It's a bright and sunny day today shame I have to go to work


----------



## Ghost Of Mascevanje (Mar 28, 2022)

Cold, gray, rainy and breezy! I love this type of weather (although the wind can sometimes be a bit off-putting if it's too strong). Immediately puts me in a bright mood. A shame that the stinking summer will begin again soon and it'll be nothing but hot, sunny days (which are vastly overrated).


----------



## TalviSyreni (Mar 29, 2022)

Today it's cloudy and cold.


----------



## Lumos (Mar 29, 2022)

Rain/Drizzle  the last few days it's been beautiful and sunny, I was hoping to get the front garden grass cut - but the new lawnmower I ordered was delivered later than expected, and the rain today has put my plans on hold until the weather brightens up again


----------



## LadyDestani (Mar 29, 2022)

It's still way too cold. Where did my spring weather go? It feels like winter again.


----------



## Soigne (Mar 29, 2022)

very cold today ):


----------



## Mr_Persona (Mar 29, 2022)

wet n dry then wet again. It's in the late 40s right now. We did had days where it was in the 60s and 70s but the weather won't make up its mind. That's spring for you


----------



## AppleBitterCrumble (Mar 29, 2022)

Very cold and windy! Luckily I haven't had to spend too much time outside because I have been in classes/doing work all day.


----------



## TheDuke55 (Mar 29, 2022)

LadyDestani said:


> It's still way too cold. Where did my spring weather go? It feels like winter again.

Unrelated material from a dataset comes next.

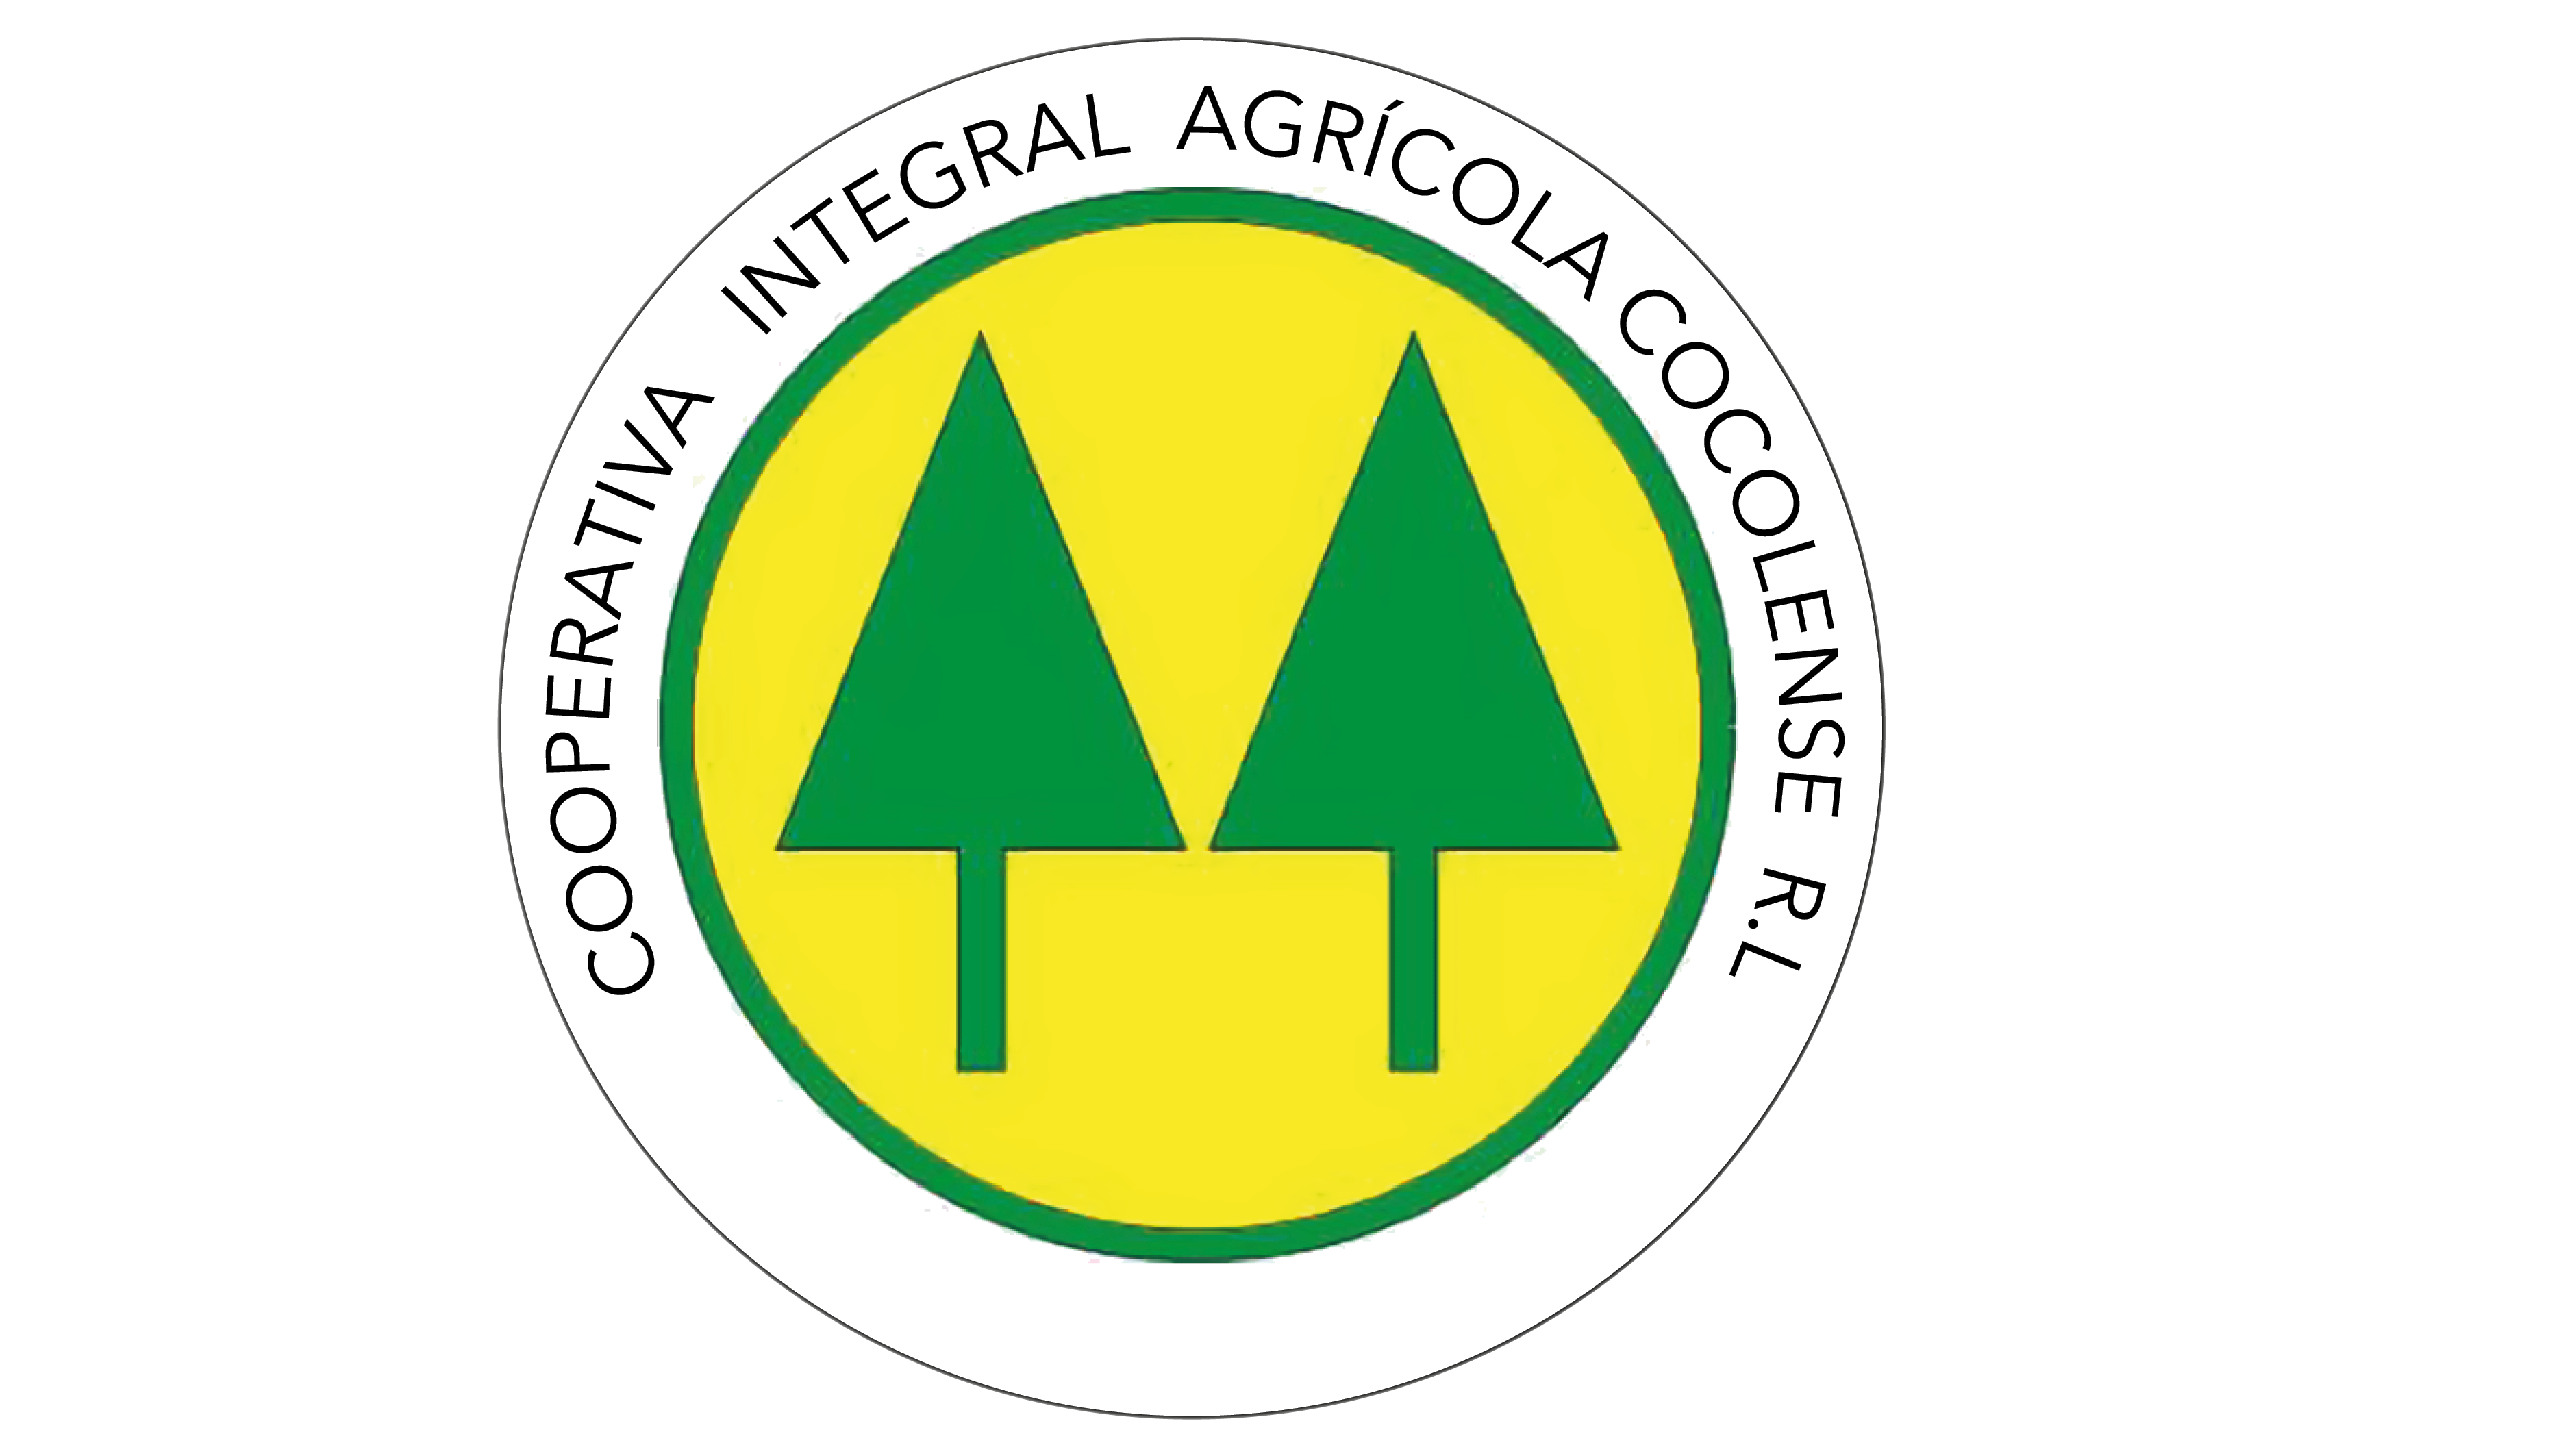 Cooperativa Integral Agrícola  Cocolense R.L.

I wouldn't say it was spring weather where I live, but it dropped back to the 10-20s. It just barely reached 45 one day and I had a sidejob where someone wanted me to paint outdoor stuff for them. I thought it was a bad idea, but they wouldn't hear any of it and wanted it done. So I just did it for them and it started to snow when I was painting lol.

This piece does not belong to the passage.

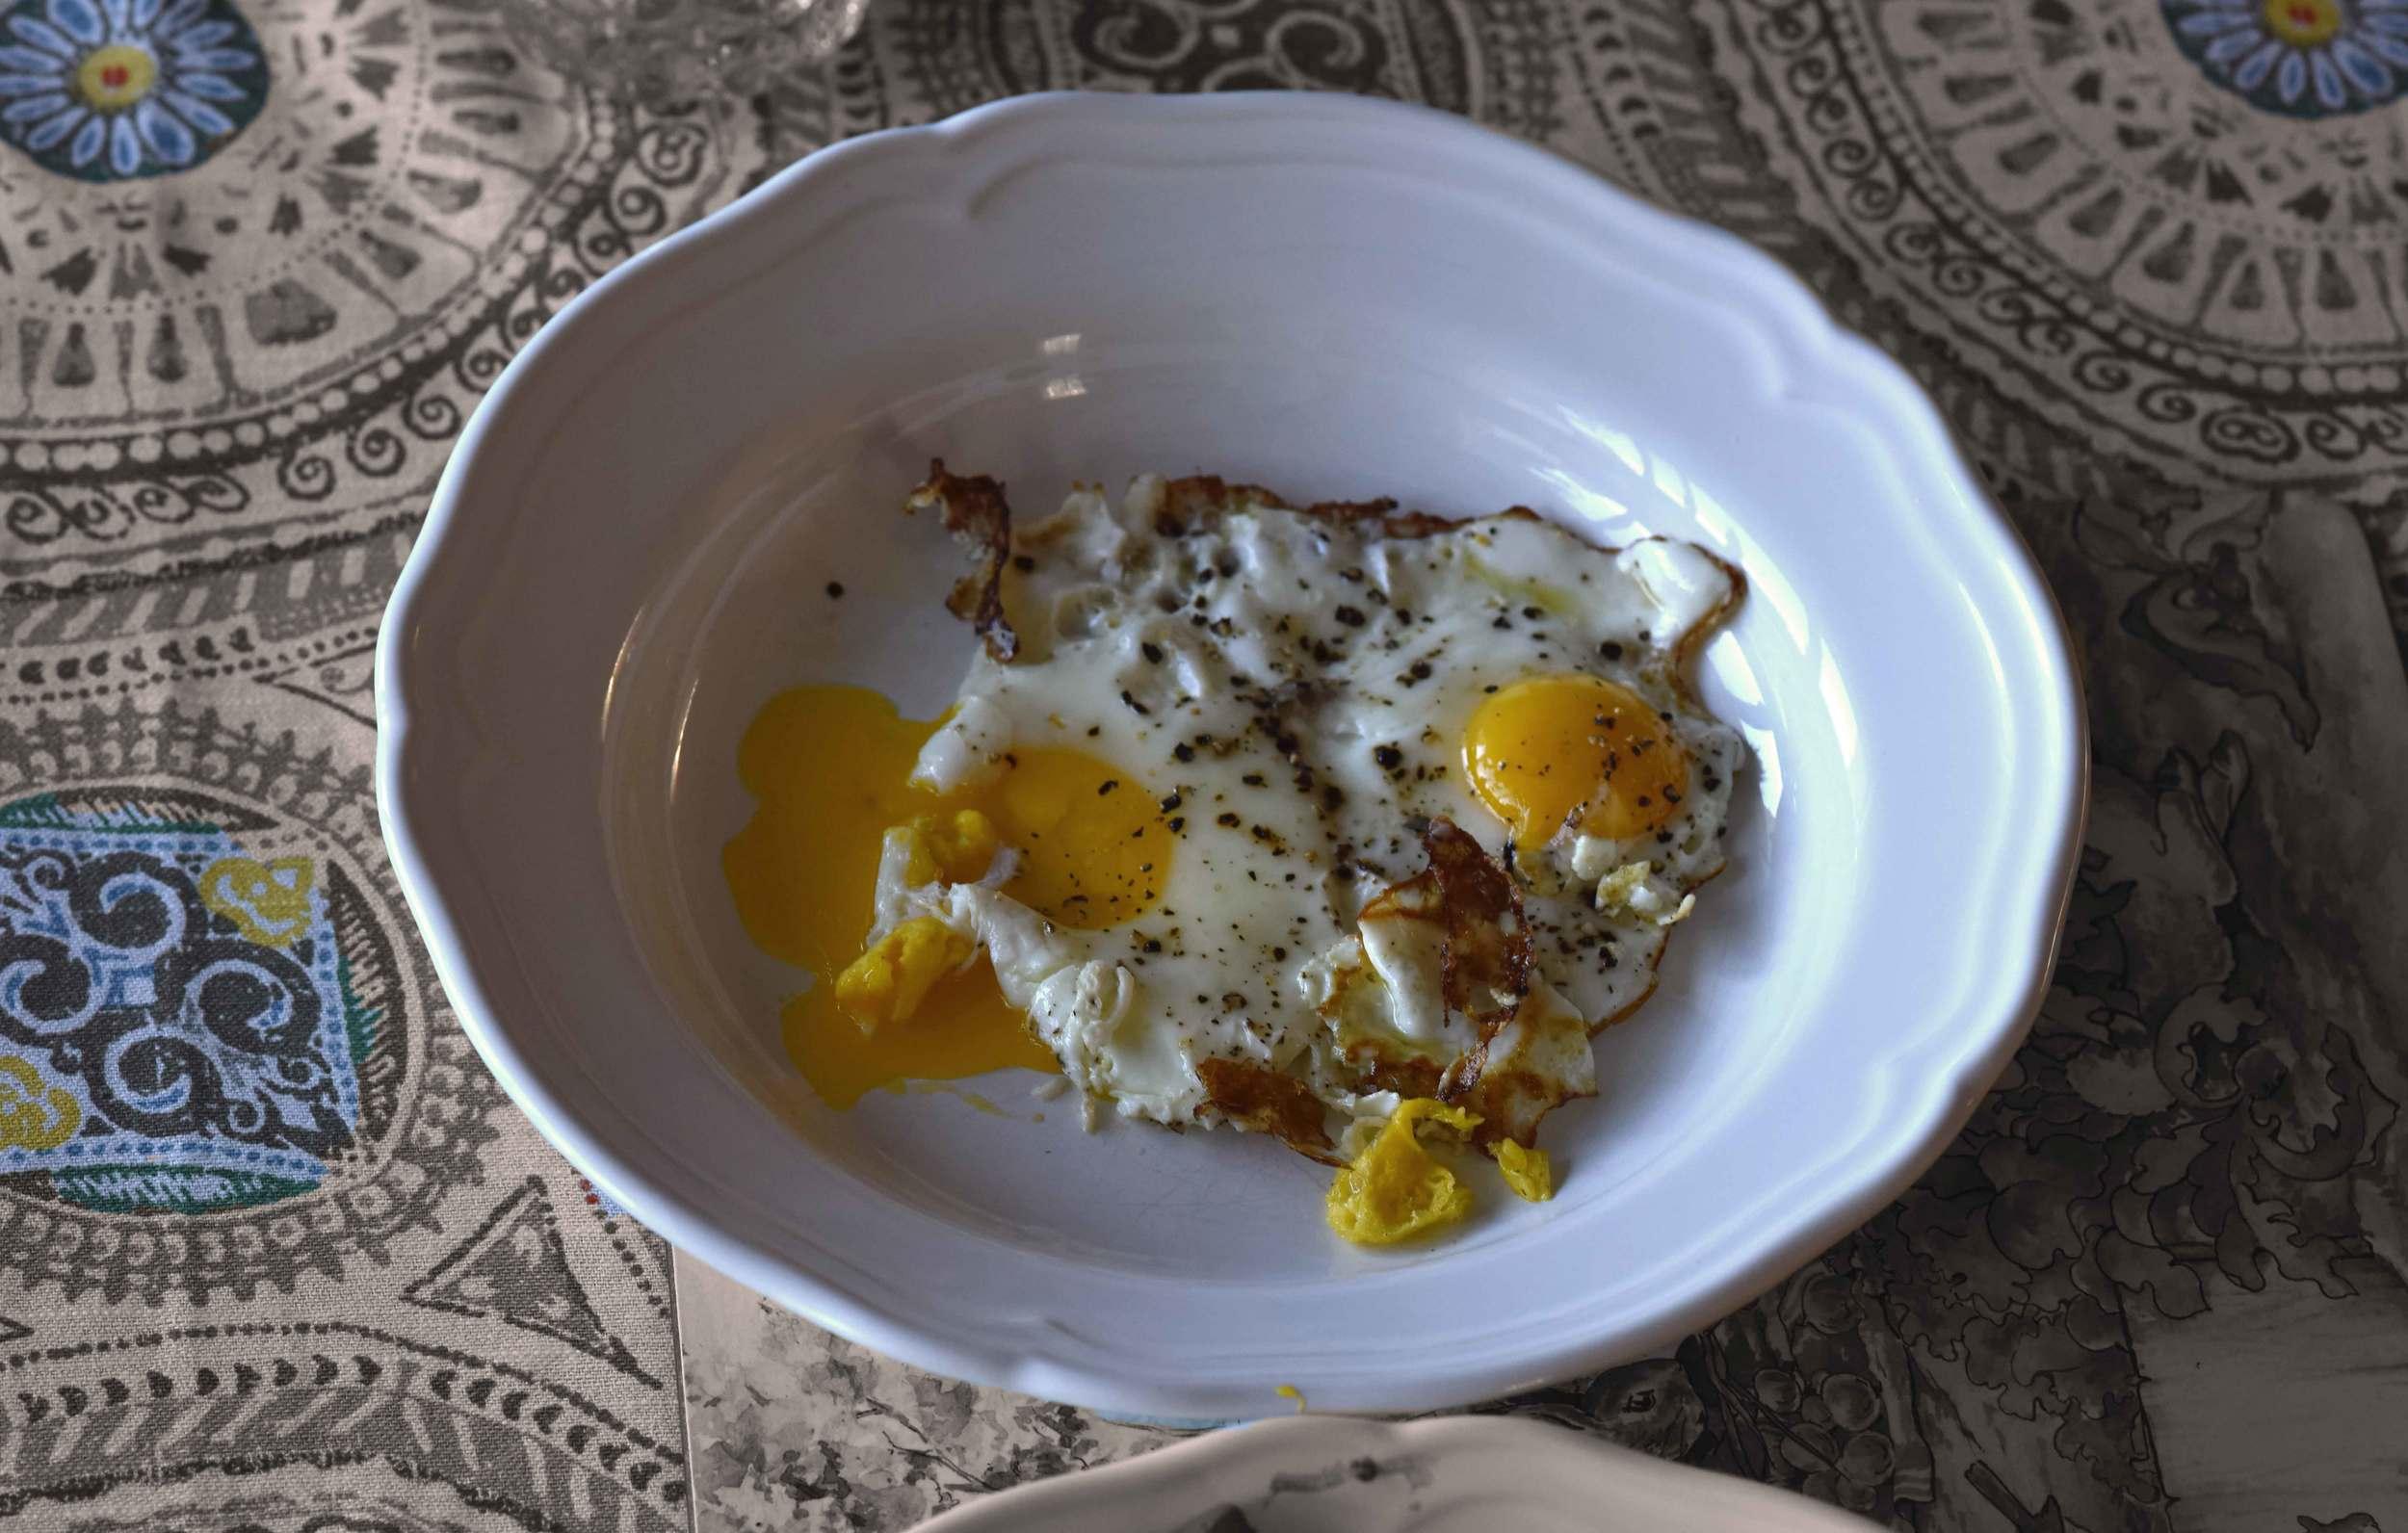 Eggs as a side-dish, image©gunjanvirk

I would very much like some warmer weather now. It's going on April and the lineup for the next 2 weeks is still like February weather lol.


----------



## Merielle (Mar 30, 2022)

It's suddenly gotten pretty cold again here for the past couple days—back to jacket weather for sure.  I like it when it's cooler, but I could've done without it being such a surprise.  Temperature aside, it's just been partly cloudy here, nothing much else of note.


----------



## vinnie (Mar 30, 2022)

It's decently warm, but there's a lot of wind. It's warm enough to enjoy going outside, though. Tomorrow the weather is supposed to get really bad and stormy. There goes the nice weather we've been having for the past week or so.


----------



## Alienfish (Mar 30, 2022)

Very cold and windy. I hate March and spring lol


----------



## azurill (Mar 30, 2022)

It’s really warm today at 90. Under a red flag fire warning. Tomorrow it is supposed to be windy.


----------



## LadyDestani (Mar 30, 2022)

It finally started to warm up this afternoon. It was cloudy in the morning but sunny by the afternoon.

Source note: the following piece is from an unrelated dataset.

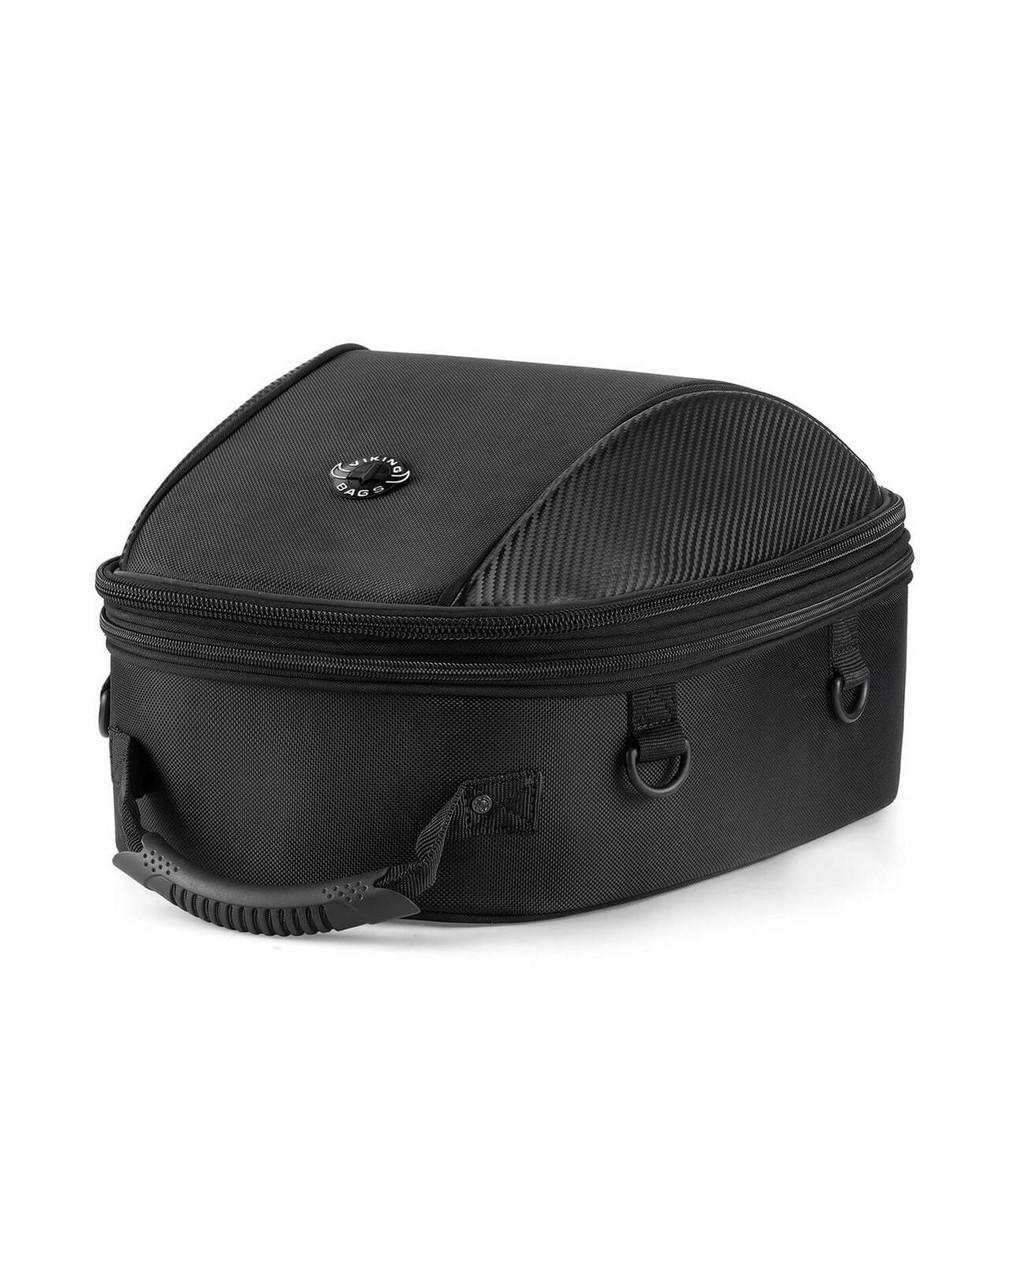 Viking Large Black Tail Bag For Harley Davidson Main bag View

Unfortunately, they're calling for thunderstorms all day tomorrow and I have to go out for multiple appointments.


----------



## vinnie (Mar 30, 2022)

It's been windy since around 3:00. It's windier than I've ever seen in my whole life if I'm being honest. I thought the wind was going to pick me up and throw me across the yard lol. There's supposed to be thunderstorms tonight.


----------



## TheDuke55 (Mar 30, 2022)

LadyDestani said:


> It finally started to warm up this afternoon. It was cloudy in the morning but sunny by the afternoon.
> 
> Unfortunately, they're calling for thunderstorms all day tomorrow and I have to go out for multiple appointments.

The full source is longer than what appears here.